What brand is your press?

Your setting seems fine. My understanding is: the official recommendation is 150C (302F) 12 seconds if the shirt will be handwashed only. 15 seconds if it will be machined wash upto 80C. Can be peeled hot and only light pressure needed.


----------



## sben763 (May 17, 2009)

I press 350-365. 20 seconds. Rub with chalk board eraser a few seconds. Peel hot. Then cover with Teflon and re press 10-15 seconds. Rub with eraser light to medium pressure on eraser and med- high on press. Most these shirts are for car shops and home repair--- plumbers, electrician, ect washed every week for 2 years and dryed no special care. Some are older. Shirts are falling apart but letters and logo still look good.


----------



## dazzabling (Sep 21, 2011)

Louie_J said:


> Well... I dont use Easyweed... I use Thermo-Flex Plus... but the process should be close to the same...
> What processare you using? The first thing I do is "pre-press" the garment for about 5 seconds. This steams off any moisture that is in the garment. Moisture will keep the vinyl from sticking properly.
> Then you apply the transfer material to the garment and press. With the Thermo-FLex Plus I press 20 seconds at 350 degrees. I peel HOT...
> After I peel, I cover the transfer material with a piece of kraft paper and press again for 8 seconds.
> ...


x2 this is excellent advice, I do the same thing and never have problems. 


Things you need to know:

Heat, Humidity are a huge factor when it comes to storage, weeding and durability of vinyl

Shirt age? Is the shirt new or been washed? 

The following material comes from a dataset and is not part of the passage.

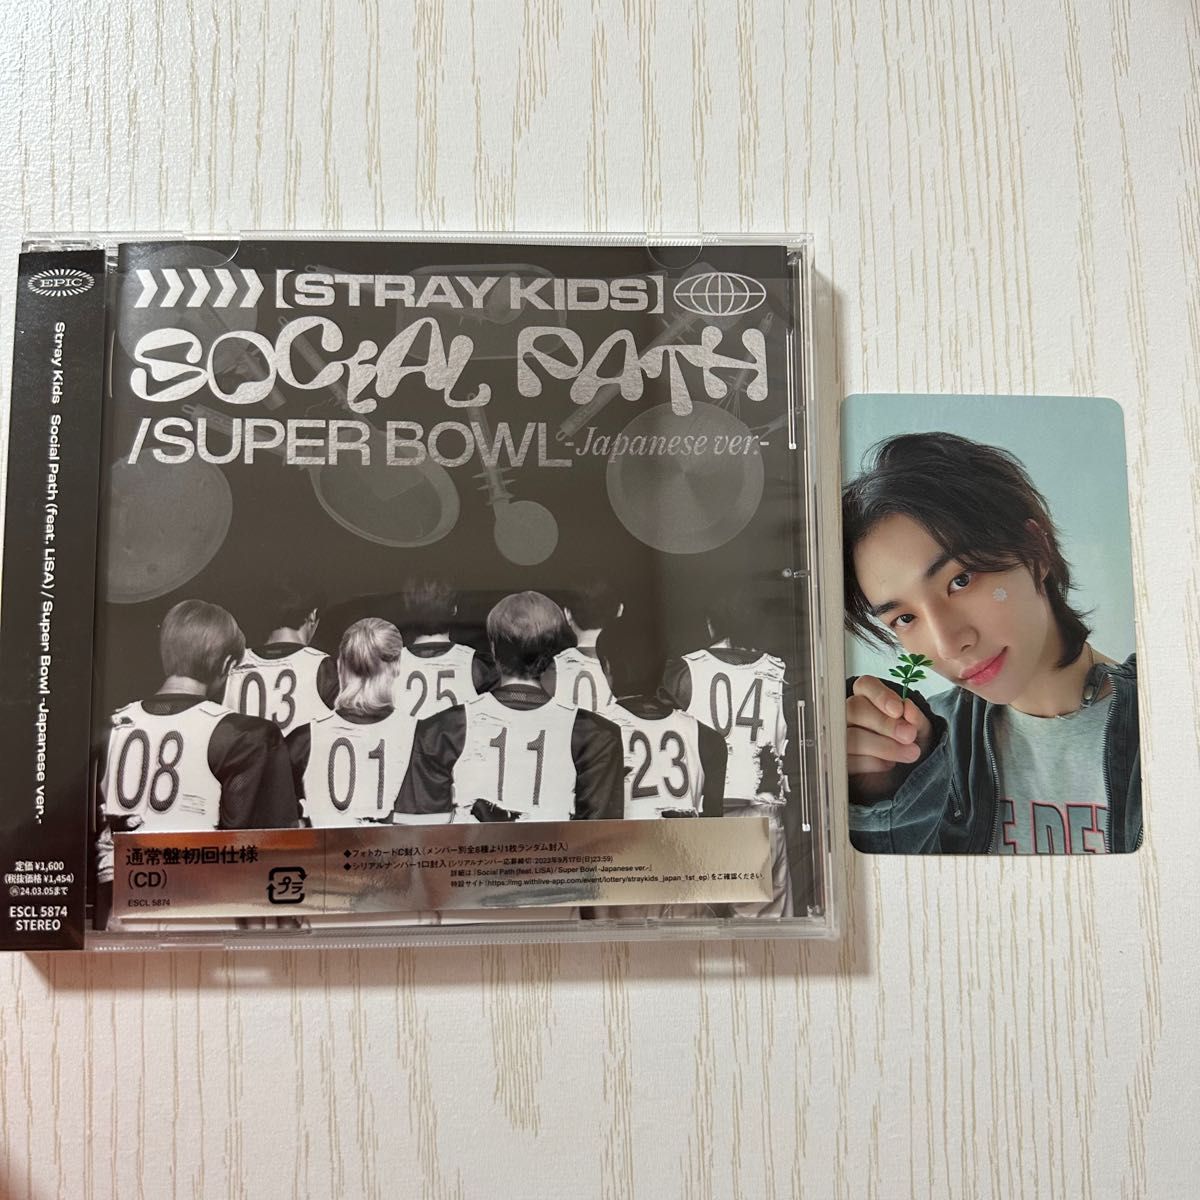 Stray kids social path CD 通常盤 トレカ ヒョンジン

Check your heat press to ensure its giving out the proper temperature.


----------



## BroJames (Jul 8, 2008)

sben763 said:


> I press 350-365. 20 seconds. Rub with chalk board eraser a few seconds. Peel hot. Then cover with Teflon and re press 10-15 seconds. Rub with eraser light to medium pressure on eraser and med- high on press. Most these shirts are for car shops and home repair--- plumbers, electrician, ect washed every week for 2 years and dryed no special care. Some are older. Shirts are falling apart but letters and logo still look good.


That's siser right? That's more than the 302F 12-15 seconds recommended.

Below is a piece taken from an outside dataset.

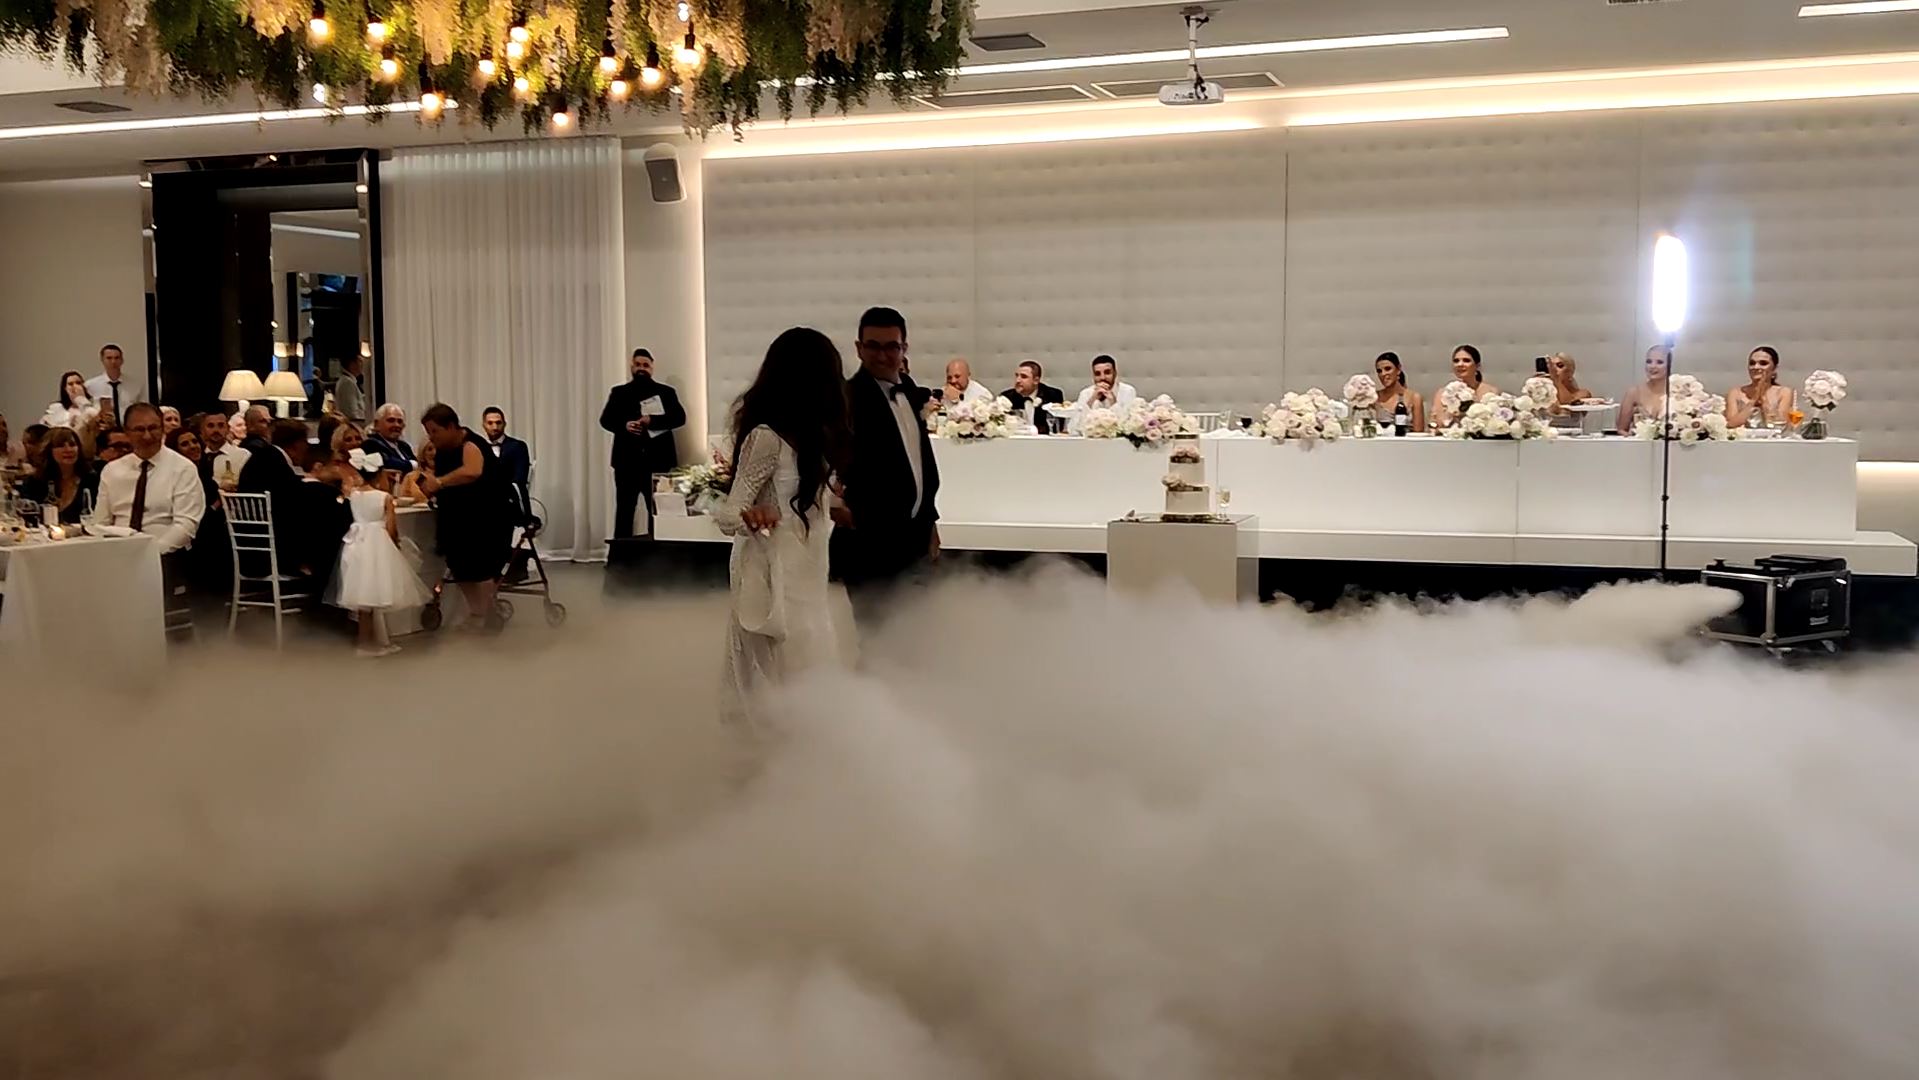 Italian wedding first dance effects

It just reminds me of some korean low temp vinyl that they warned me not to press beyond 120C or more than 10 seconds lest the adhesive will loss its adhesiveness - permanently. I checked with other suppliers and one told me that they pressed at 130C 15 second with the same press I have. Beyond that the vinyl will lose adhesiveness.

Mine kept peeling off even at 130C so I pressed it step by step all the way to 170/180C 8 seconds before I got a good adhesion. The same settings I use for regular temp vinyls.

It would be nice to know the possible reasons? Anyone?

My press has no problem with JPSS or 3G meaning it is or should be giving off enough heat.


----------



## GHEENEE1 (Jan 8, 2007)

I use Siser e-z weed, mostly. I pre press the garment till I feel no moisture. Then apply the E-z weed for 13 [email protected] 302 F. Mike


----------



## BRC (Mar 27, 2007)

The first question I have is what are you transfering to the shirt? You will find that really thin lettering and graphics will not adhere no matter what you do. It's not the vinyl but the shirt that is falling apart. Vinyl needs to have enough surface area to hold onto. 

If the surface area is large enough to hold but doesn't then I would suggest taking the instructions straight to the garbage can and find what works (this is very seldom found in the instructions). 302 degrees for me is way to low unless you are pressing to delicate material like nylon. I would try starting at about 350 for 20 seconds. Peeling hot may work or may not, if it does great if not let it cool or use an eraser or an old towel to cool the transfer to lukewarm and try again. As for pressure it depends on waht you are transfering to what material. For dark vinyl on a light shirt don't be scared to put some pressure on it, to light on the pressure and it sticks only to the top fibers and it will fall off in no time. Light vinyl on a dark shirt takes more practise on the pressure to keep the shirt color from bleeding through, so start with dark vinyl if you can. 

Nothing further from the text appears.